フェイルオーバーを実行するには、少なくとも1つの接続マネージャーが稼働している必要があります。これは、データベースの高可用性を確保するために、接続マネージャーの役割がノードの障害を検出し、自動的にフェイルオーバーを実行するためです。データベースクラスターの前に接続マネージャーが1つしかない場合、それをシャットダウンした後、自動フェイルオーバーは発生しないため、実行する必要があります。

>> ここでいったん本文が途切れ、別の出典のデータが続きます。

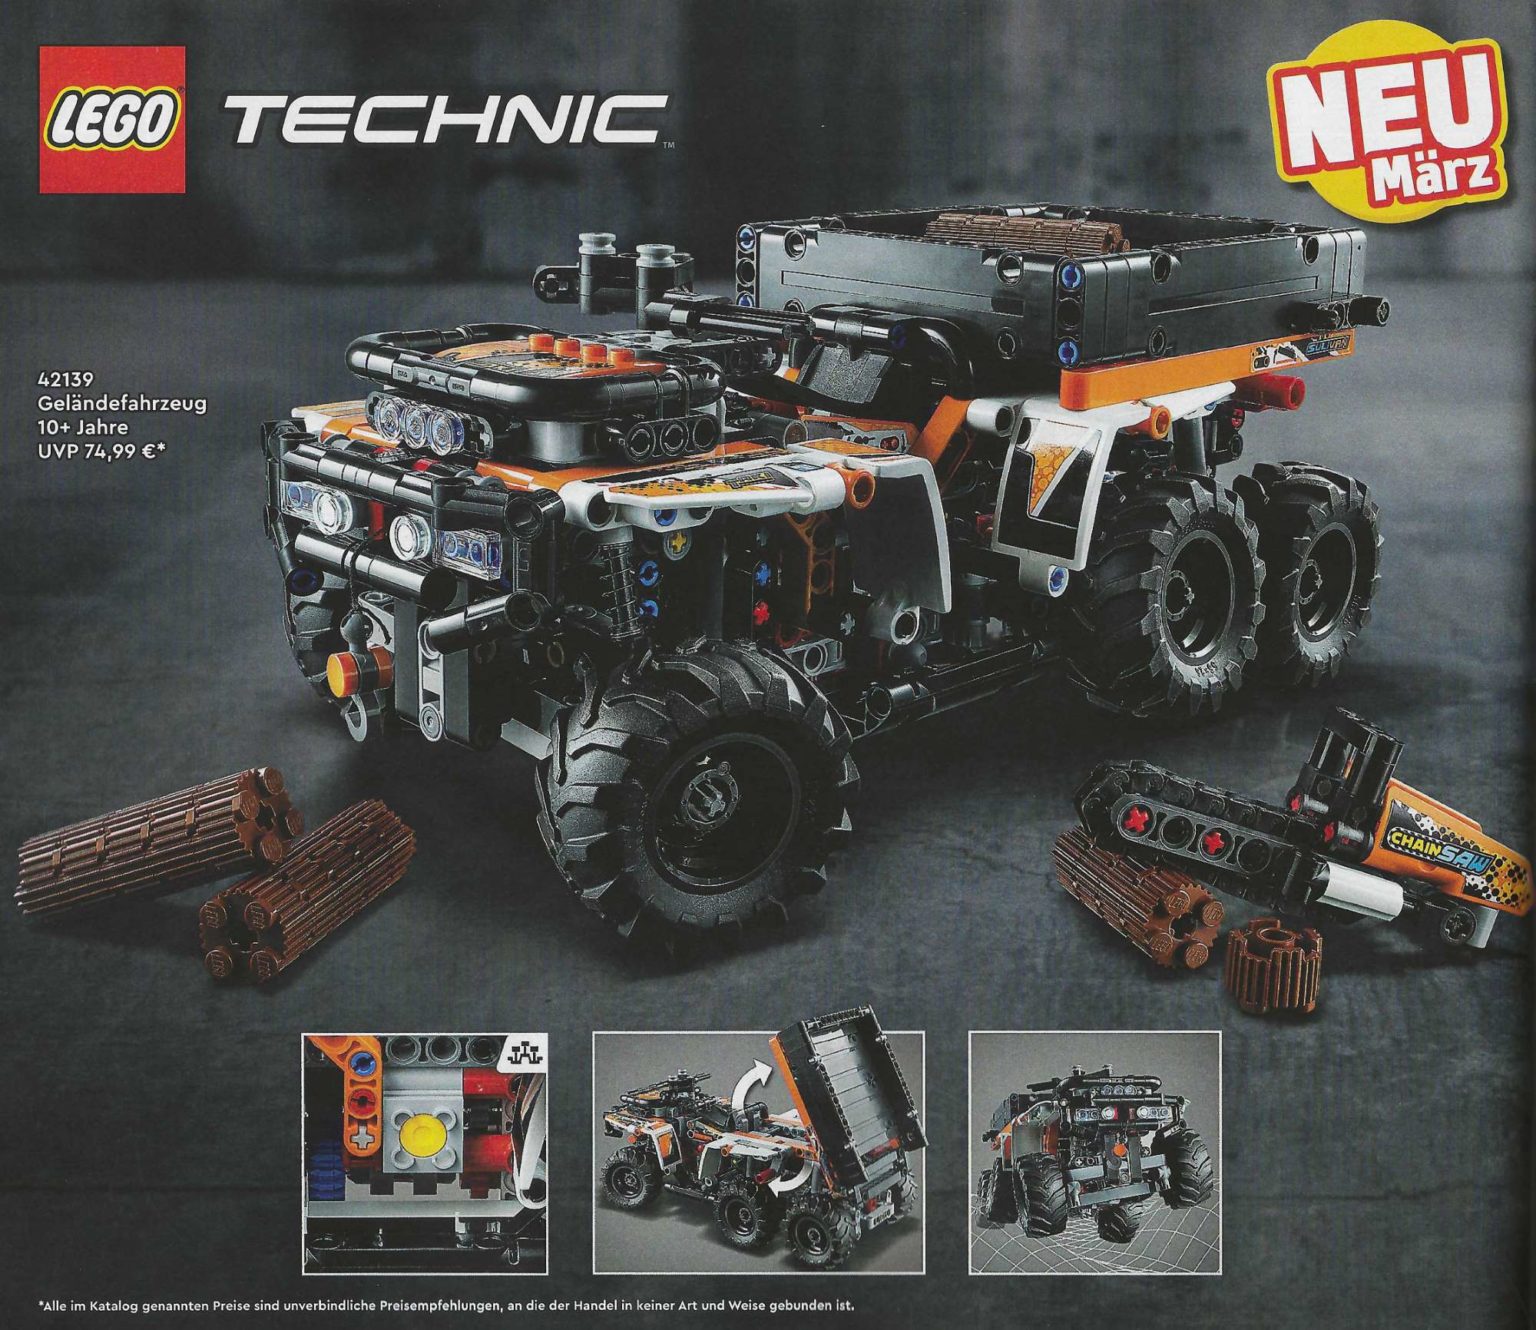 LEGO Technic John (42136) Brick 9620R Revealed Fan 4WD - The Deere Tractor

onmode -d make primary force

プライマリサーバーに昇格させるためにセカンダリサーバーで。適切に構成された接続マネージャーが複数ある場合は、フェイルオーバーが保証されます。

onmode -d make primary force

プライマリサーバーに昇格させるためにセカンダリサーバーで。適切に構成された接続マネージャーが複数ある場合は、フェイルオーバーが保証されます。

Nagaraju Inturi · Answer

複数の接続マネージャーが存在する可能性があるため、プライマリサーバーは「アクティブアービトレーター」の役割を接続マネージャー（CM）に割り当てます。プライマリサーバーと「アクティブアービトレーター」CMが同時に強制終了された場合、再起動後、CMにはアクティブアービトレーターの役割が割り当てられていないため、CMはHDRをプライマリにプロモートできません。 Informixは、マルチポイント障害からの自動リカバリーをサポートしていません。 CMは、プライマリサーバーハードウェアとは異なるハードウェアで実行する必要があります。

Lu&#237;s Marques · Answer

ラボのセットアップを行いました。比較できるように、いくつかの設定とログを投稿します。

ifx_aのプライマリとしてInformixサーバーmachine1を、ifx_bのHDRセカンダリとしてInformixサーバーmachine2を使用しています。

Informixサーバーではifx_a次のレプリケーションパラメーターがあります。 HA_ALIASはDBSERVERNAMEと同じです。 Informixサーバーのifx_bパラメーターは、HA_ALIASとDBSERVERNAMEを除いて同じです。

DRAUTO 3 DRINTERVAL 0 HDR_TXN_SCOPE ASYNC DRTIMEOUT 30 HA_ALIAS ifx_a HA_FOC_ORDER SDS,HDR,RSS DRLOSTFOUND $INFORMIXDIR/etc/dr.lostfound DRIDXAUTO 0 LOG_INDEX_BUILDS 1 SDS_ENABLE SDS_TIMEOUT 20 SDS_TEMPDBS SDS_PAGING SDS_LOGCHECK 10 SDS_ALTERNATE NONE SDS_FLOW_CONTROL 0 UPDATABLE_SECONDARY 0 FAILOVER_CALLBACK FAILOVER_TX_TIMEOUT 0 TEMPTAB_NOLOG 1 DELAY_APPLY 0 STOP_APPLY 0 LOG_STAGING_DIR $INFORMIXDIR/tmp RSS_FLOW_CONTROL 0 SMX_NUMPIPES 1 ENABLE_SNAPSHOT_COPY 0 SMX_COMPRESS 0 SMX_PING_INTERVAL 10 SMX_PING_RETRY 6 CLUSTER_TXN_SCOPE SERVER

両方のInformixサーバーのsqlhostsファイルは次のとおりです。

ifx_a onsoctcp machine1.local 15010 k=1 ifx_b onsoctcp machine2.local 15020 k=1

レプリケーションがセットアップされ、動作しています。セカンダリifx_bで実行します。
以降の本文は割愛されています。